A positive logo is made up and attached. The remainder on the head is masked-off


Numerous coats of nitrocellulose lacquer must be applied to build a suitable thickness

This is the result after many layers

The new logo is carefully cleaned-up and cut-back
The logo and headstock is treated to several coats of shellac to seal,  protect and help with the aging effect.



4 Responses to “1968 Gibson Dove: Logo Repair”

  1. Matthew Lechtzier Says:

    I also have a Gibson Dive, my vintage being 1963. I have just acquired it and while in my opinion it is acoustically lovely, it is in some need for costemtic repair (to the neck and back).

    Is this something you would consider doing? If so, can you tell me generally about the logistics?

    Matthew, Maida Vale

  2. Julien Says:

    Hello Graham,

    I have recently acquired a 68′ dove. Beautiful guitar, in extremely prestine condition, although i have one problem with it.. BUZZING, how do you think i should go about to fix this problem? i dont really want to play around with the action at all really, its perfect where it is, i was thinking maybe changing the nut and somehow play around with the bridge (tune-o-matic) but im not too farmiliar with that bridge. Any suggestions ? please e-mail me back at your earliest opportunity.

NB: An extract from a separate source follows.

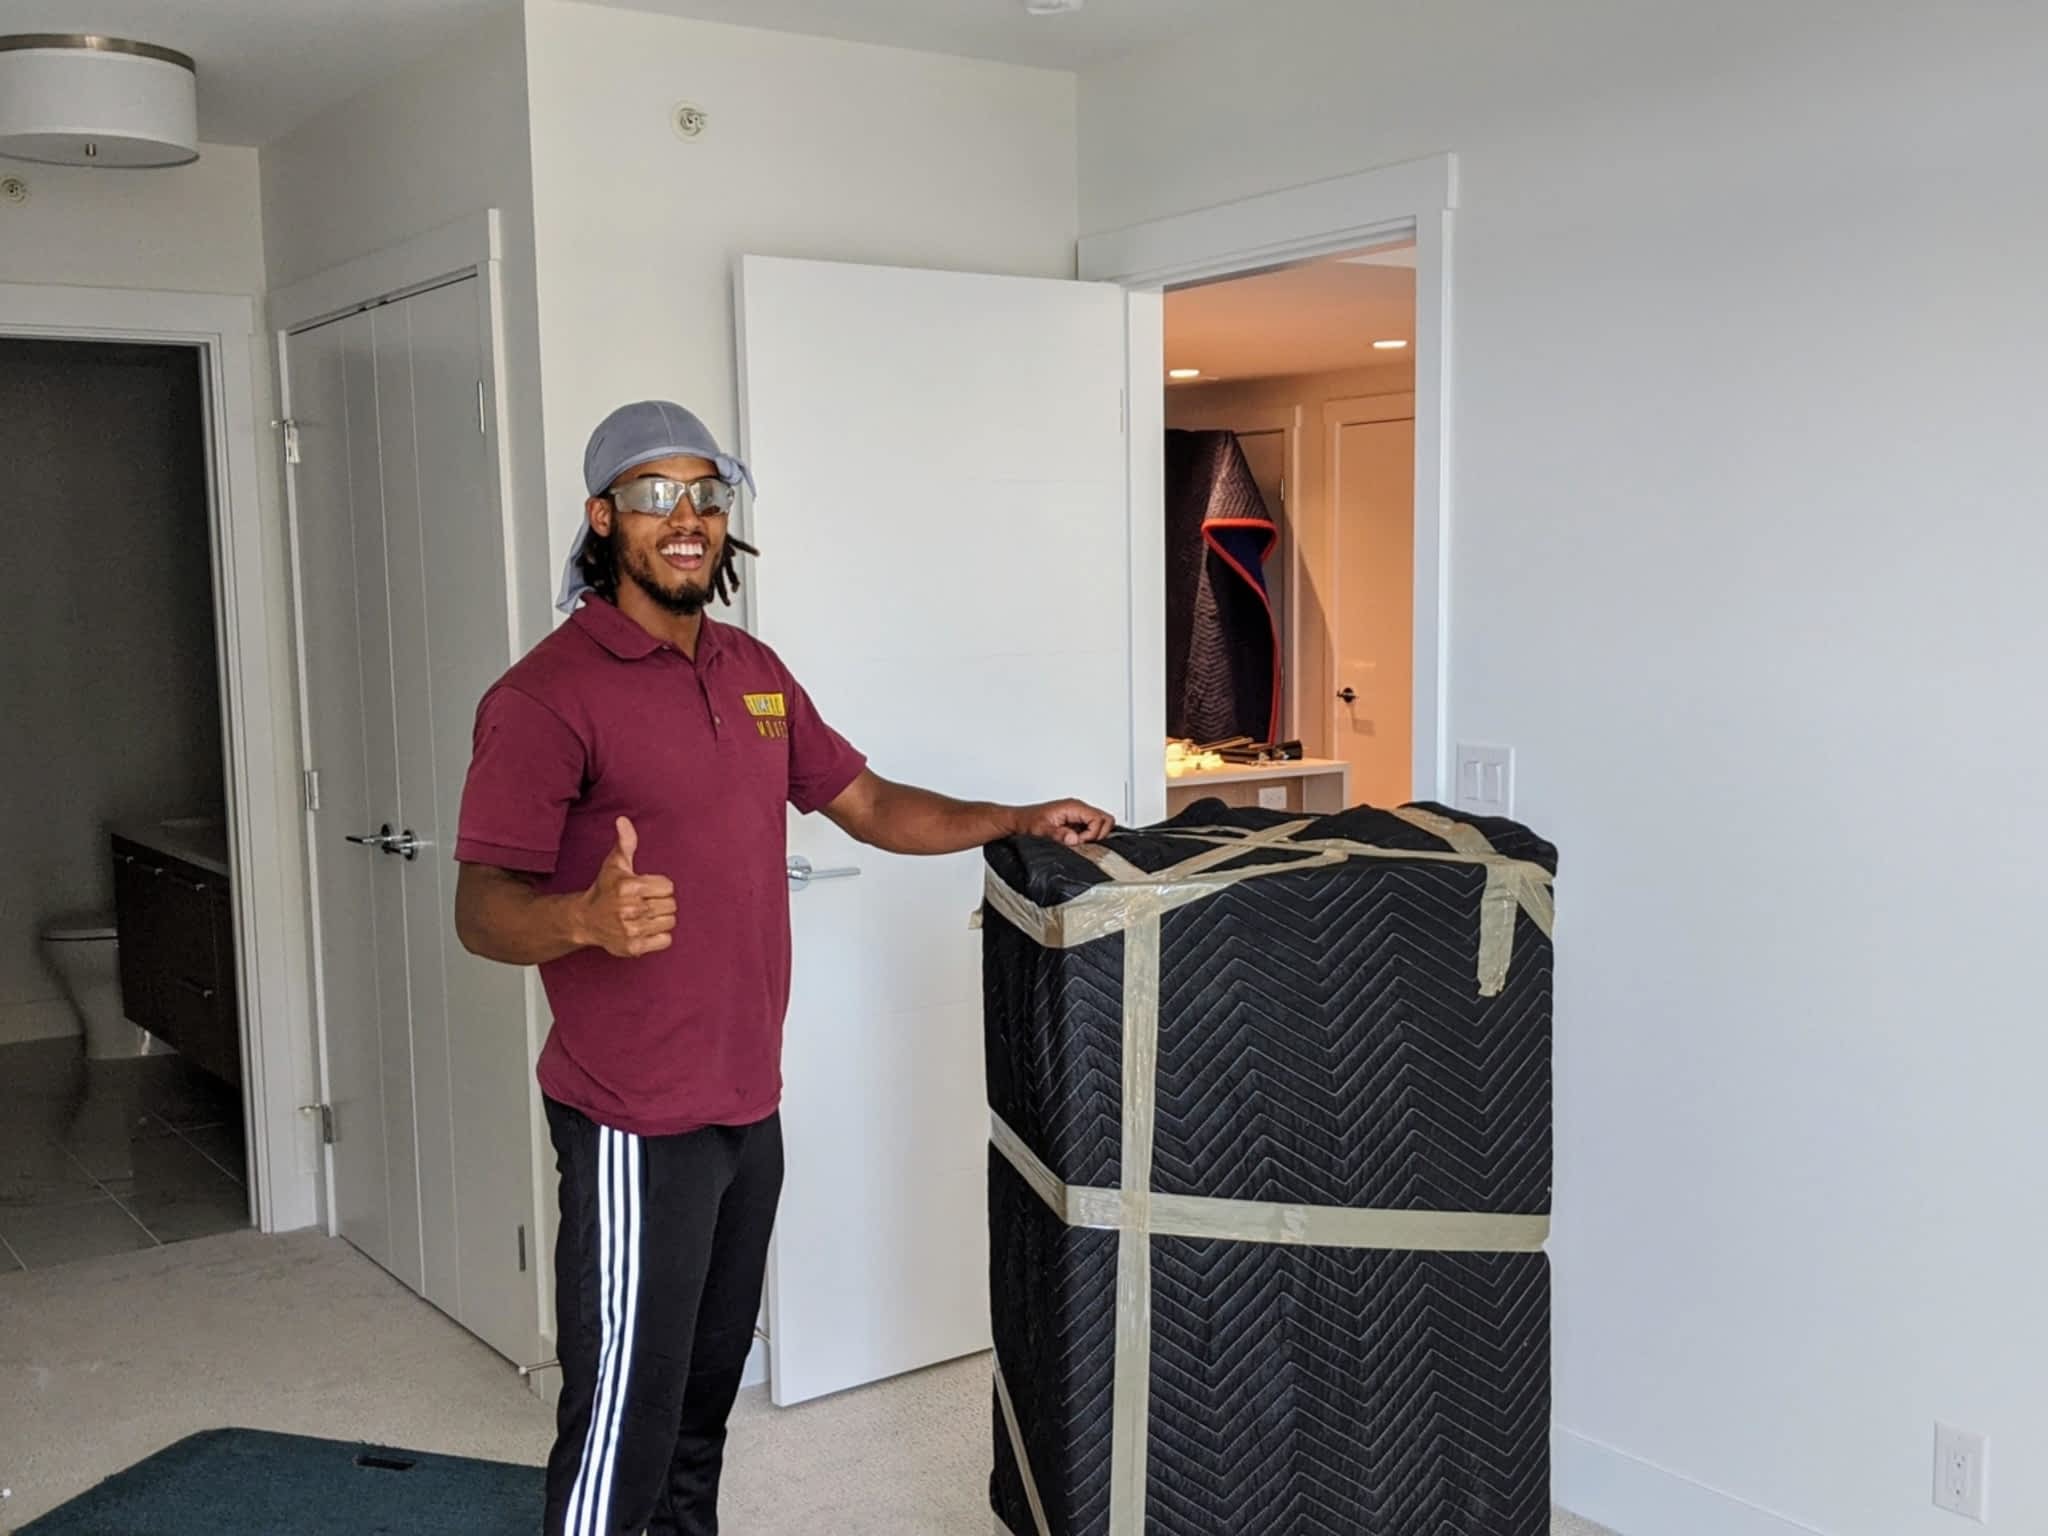 photo Simple Moves & Storage Movers Burnaby

    • Graham Parker Luthier Says:

      Hi Juien,
      The first thing to check would be the frets. Check for any high frets and deal with them accordingly. Once any fret height or wear issues have been eliminated this will give a good bases to set the playing action. Truss-rod and saddle height should be balanced accordingly.
      Replacing the nut will do nothing unless the rattling issue is on the open strings. If the rattle is on the open strings it will suggest that the strings are rattling on the first fret. This can be easily resolved with a simple truss-rod adjustment. I would suggest that you should take this guitar to your local Luthier or Guitar Tech to have any adjustments made.